OBLIGATION TO PAY FOR OR RETURN THE DEBENTURE

      Notwithstanding any other provision of the tender offer and in addition to
(and not in limitation of) our rights to terminate, extend and/or amend the
tender offer in our reasonable discretion, Rule 14e-1 under the Exchange Act
requires that, as tender offeror, we pay the consideration offered or return
(without cost to you) the Debentures tendered promptly after the termination or
withdrawal of a tender offer.

DEPOSITARY

      Computershare Trust Company of Canada, the Trustee, has been appointed as
the depositary for the tender offer. We have agreed to pay the Depositary
reasonable and customary fees for its services. All documents, if any, required
to be delivered to the depositary should be sent or delivered to the depositary
at the address set forth on the back page of this Offer to Purchase.

MISCELLANEOUS - DISSEMINATION OF TENDER OFFER INFORMATION

      This Offer to Purchase and the related letter of transmittal will be
mailed to registered holders of the Debentures and will be furnished to brokers,
dealers, commercial banks and trust companies whose names, or the names of whose
nominees, appear on certifications maintained by the Trustee for American
Natural's Debenture holders.

      Without limiting the manner in which we may choose to make a public
announcement, except as required by applicable law, we have no obligation to
publish, advertise or otherwise communicate any public announcement under the
tender offer other than by making a release through Business Wire, Dow Jones
News Service or another comparable news service.

      Pursuant to Rule 14d-3 promulgated under the Exchange Act, we have filed
with the SEC a statement on Schedule TO, which contains information with respect
to the tender offer.
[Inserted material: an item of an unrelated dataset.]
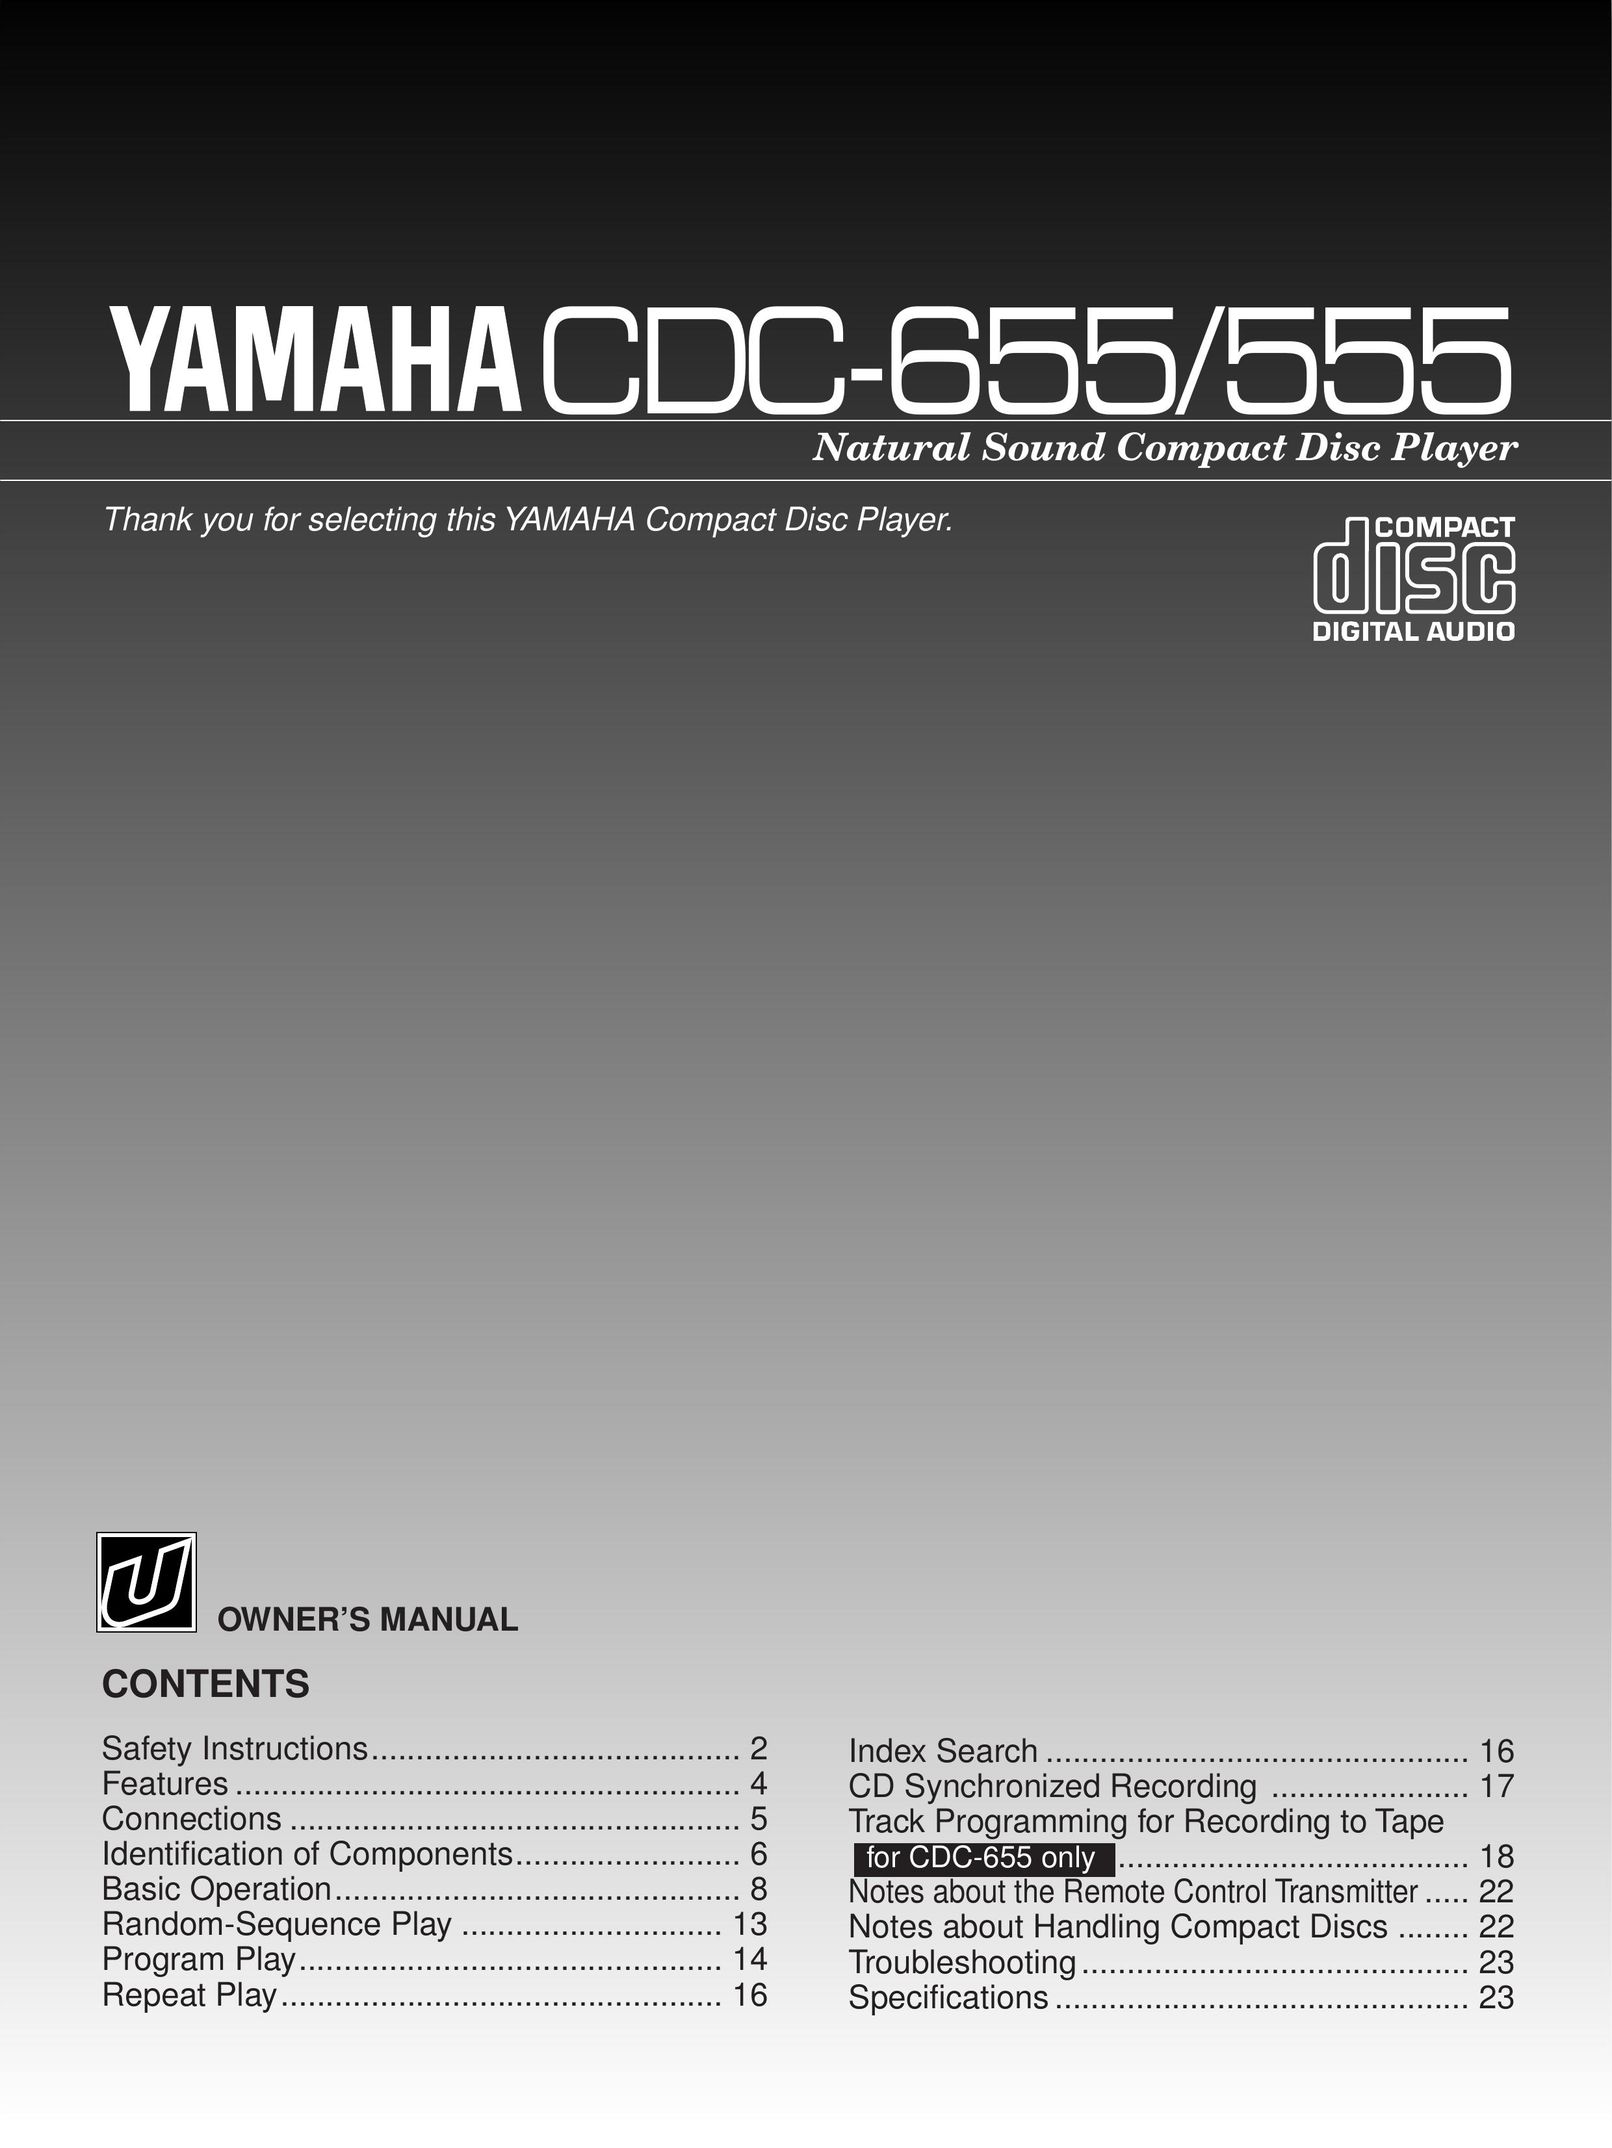 Yamaha CDC-655 CD Player User Manual
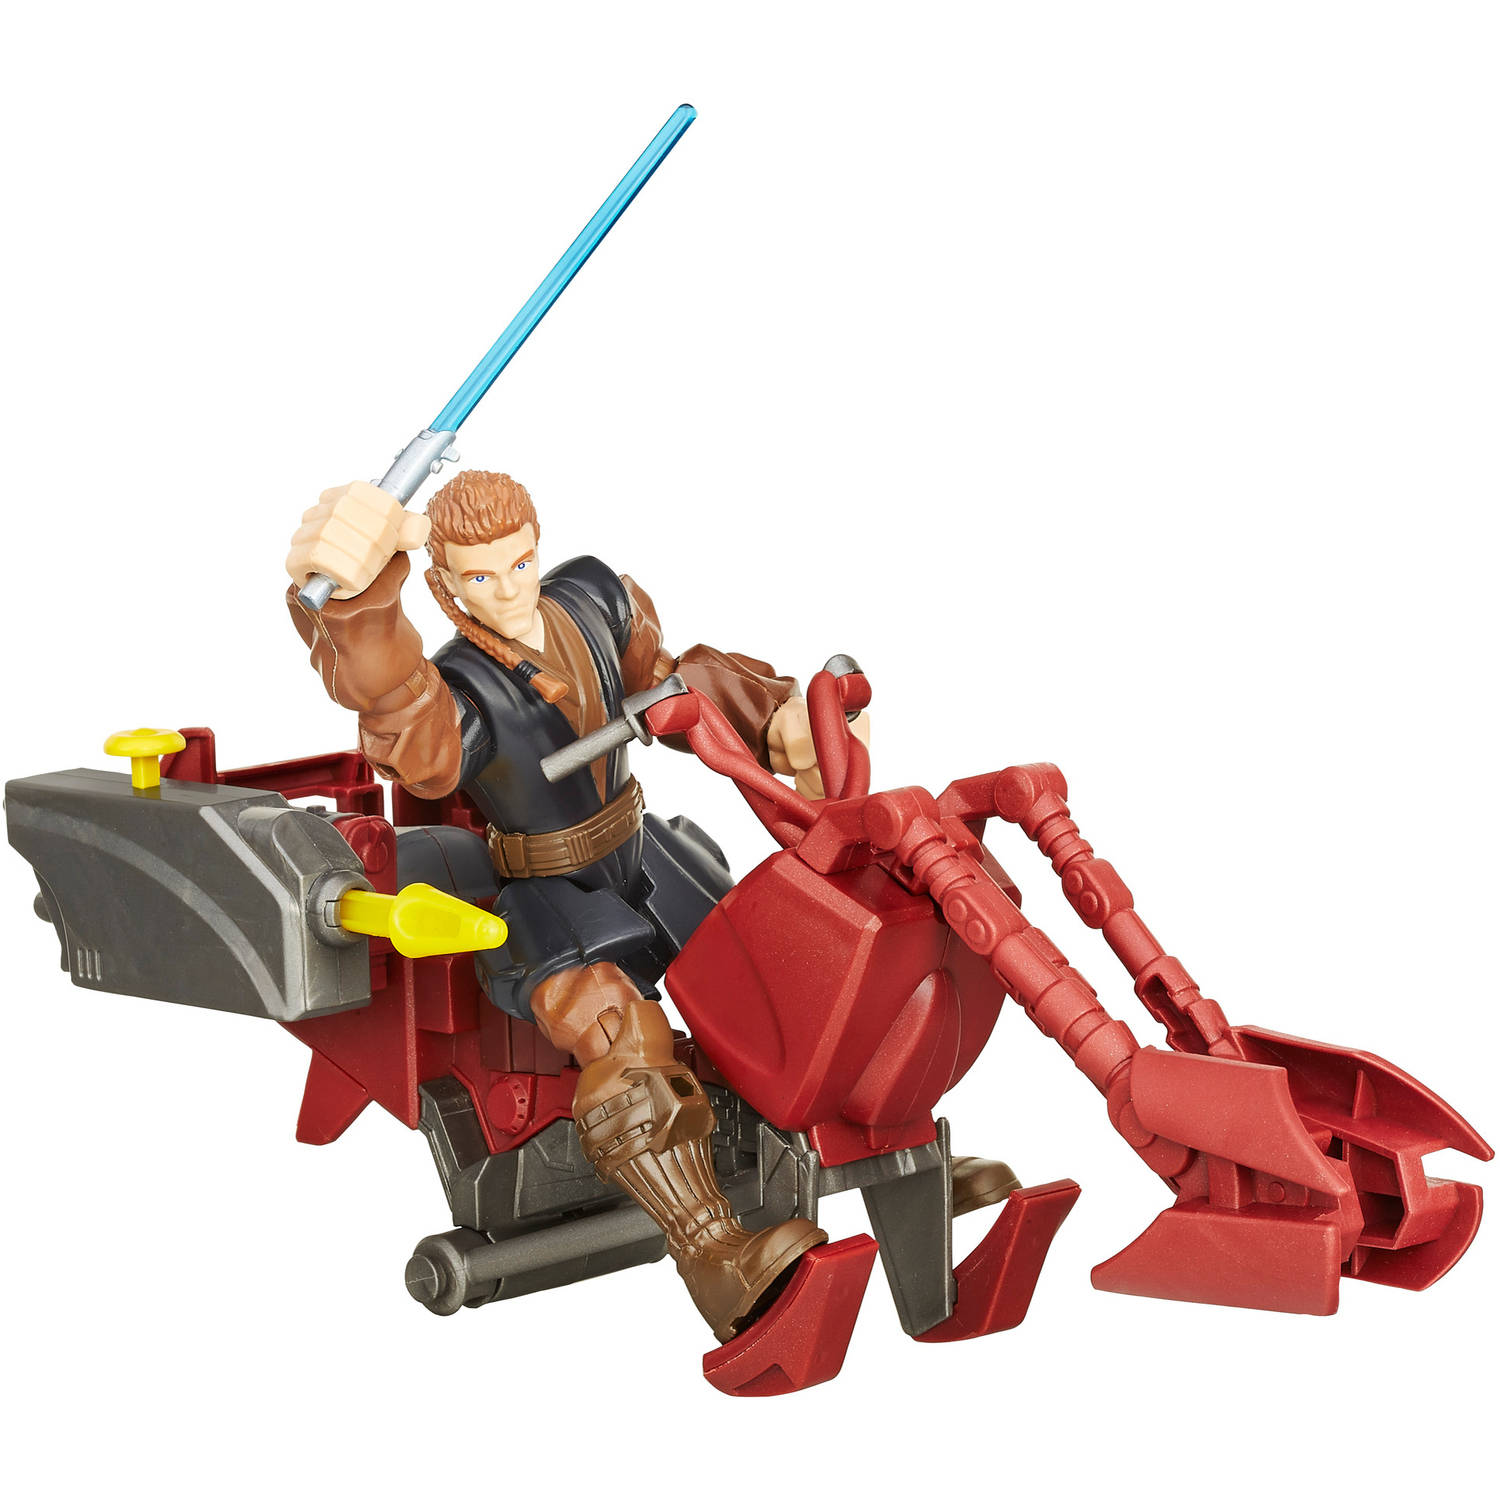 Star Wars Hero Mashers Jedi Speeder and Anakin Skywalker - image 1 of 10

The Schedule TO, including the exhibits and any amendments
and supplements to that document, may be examined and copies may be obtained at
the same places and in the same manner as is set forth under "WHERE YOU FIND
MORE INFORMATION." This Offer of Purchase is included as an exhibit to our
Schedule TO.


                                       14


                           PURPOSES, EFFECTS AND PLANS

PURPOSES OF THE OFFER

      Pursuant to an Exploration and Development Agreement dated effective
August 26, 2005 between us and American Natural, American Natural assigned to us
one-half of its contractual rights under a certain Development Agreement with a
major integrated oil and gas company. The Development Agreement created an area
of mutual interest ("AMI") in approximately 11,500 acres. To date, we have spent
considerable funds to drill wells located within the AMI and, subject to further
geological and geophysical investigation, we may spend considerable additional
capital in the AMI in the future. Given our past investment in this joint
development project, coupled with the potential for substantial recoveries of
oil and gas within the AMI, we have determined that it is in our best interests
to acquire the Debentures and the related rights to any collateral security
pledged to secure American Natural's obligations thereunder.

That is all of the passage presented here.